Playing with Others

Neha Vaze Oct 1, 2021

Does my child play with the other children? Sometimes I see them standing around, watching or even be by themselves.

We get asked this question frequently, oftentimes by first year parents but by parents of 2nd and sometimes 3rd year children as well. The feeling of “Is my child part of a social group?” are usually questions more common for older children, and not at this age group. Power plays, exclusion and “clubs” are seen (unfortunately) at the elementary and middle school level.

I wanted to talk a bit this week about how children play with one another, at this age and at our school. On a community level, we have a rule at our school that you can not exclude anyone from your play. If someone asks to join, you have to find a way to let them join. Also, there are no team games or “us” and “them” games at the school. We feel that at this age, the children very easily find ways to include friends of all ages in their play.

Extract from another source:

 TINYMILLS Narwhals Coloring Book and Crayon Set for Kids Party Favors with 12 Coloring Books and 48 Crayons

But what happens when the child themselves does not want to play? And at 3, that is VERY common. At the toddler stage and into the first year the Montessori, parallel play happens quite often. Children play in the same area, but not always with each other. They may want the same equipment (shovel, woodchips, etc.) and teachers often coach them on how to talk to one another. The Montessori philosophy strongly believes in teaching children how to wait. Therefore, we intentionally have a limited number of “things” in the outdoor environment (in the indoor environment as well). Children may not be able to use what they want immediately and learn to compromise on their game. The other children may learn that their friends want the shovel and decide to use it quickly, to use it slowly or to immediately offer it to their friend.

Slowly we see that children start noticing each other and may find a friend with whom they want to play with. If necessary, the teacher can introduce them to the language:
“Do you want to play with me?”

“What are you playing? Can I join?”

Even if they start playing with others, there may be many days when a child prefers to be alone outside. Chasing butterflies, making piles of woodchips or just running around our field is very common. We find that the outdoor recess, with an intentional lack of structure, is a great place for children to unwind from the morning “work period”. Their brains rest, grow and internalize the new skills they may have been practicing in the morning.

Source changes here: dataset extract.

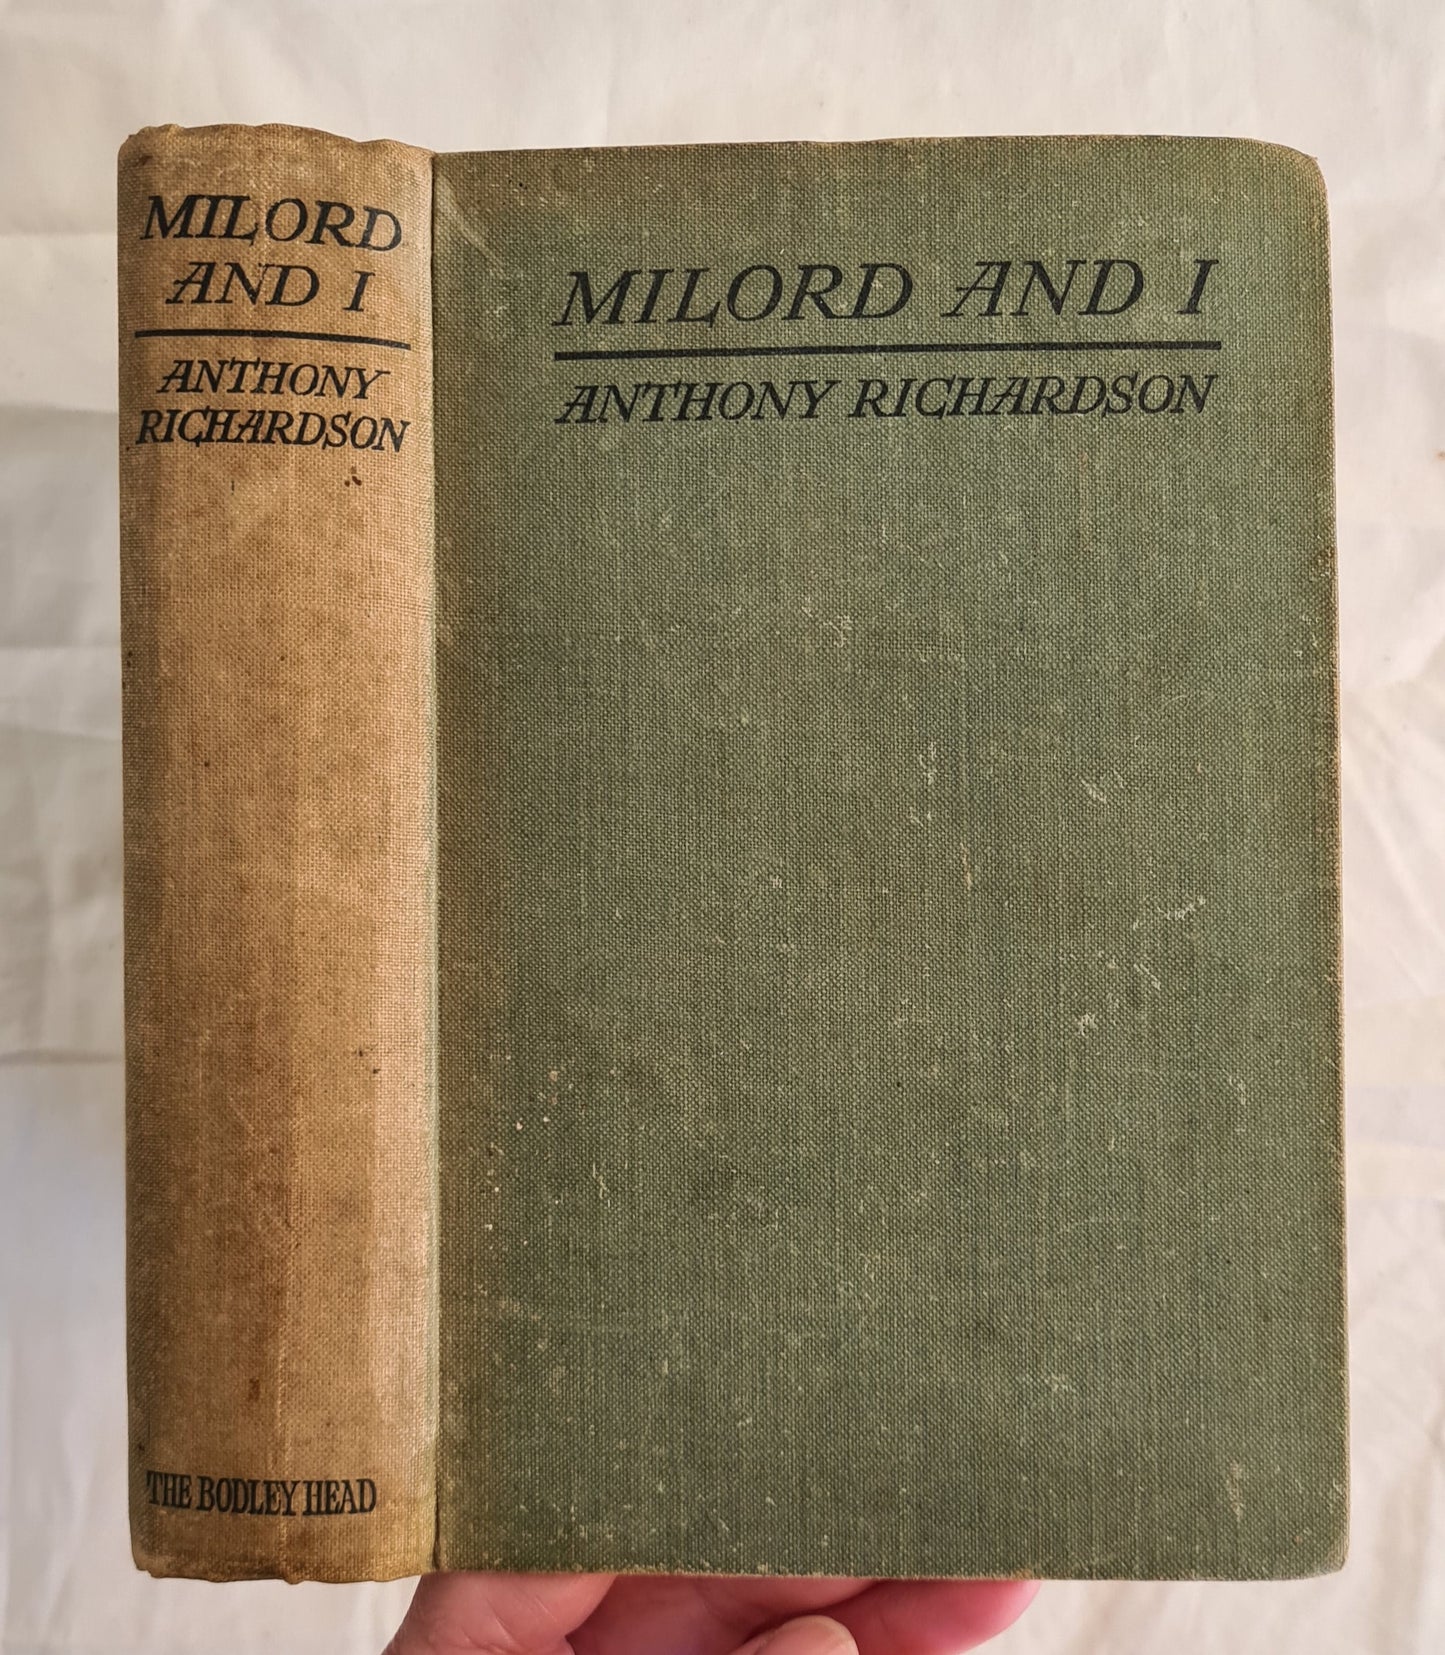 Milord and I by Anthony Richardson

The teachers are in tune with the children’s needs and know when to step in. We recognize the need to be alone and respect that need. Our older children often learn and use the language of “I just want some space or I just want to be alone for a while.” However, if these words are use toward one friend, they need to be used towards all friends.

We also have our ears and eyes open for when a friend may be alone because of some negative feelings, sadness or feeling excluded. Oftentimes, this exclusion isn’t because of an intentional action by other children. The child may just not have the language to join a group.

“Do they know that you want to play with them? Well, why don’t we go ask?”

Other times, they just need the attention of an adult. Many younger children love spending time with adults, especially one on one. At recess, we give them that attention, while making sure they are making connections and relationships with their peers as well.

Everything that we do during recess is consistent with our main tenet: Follow the child!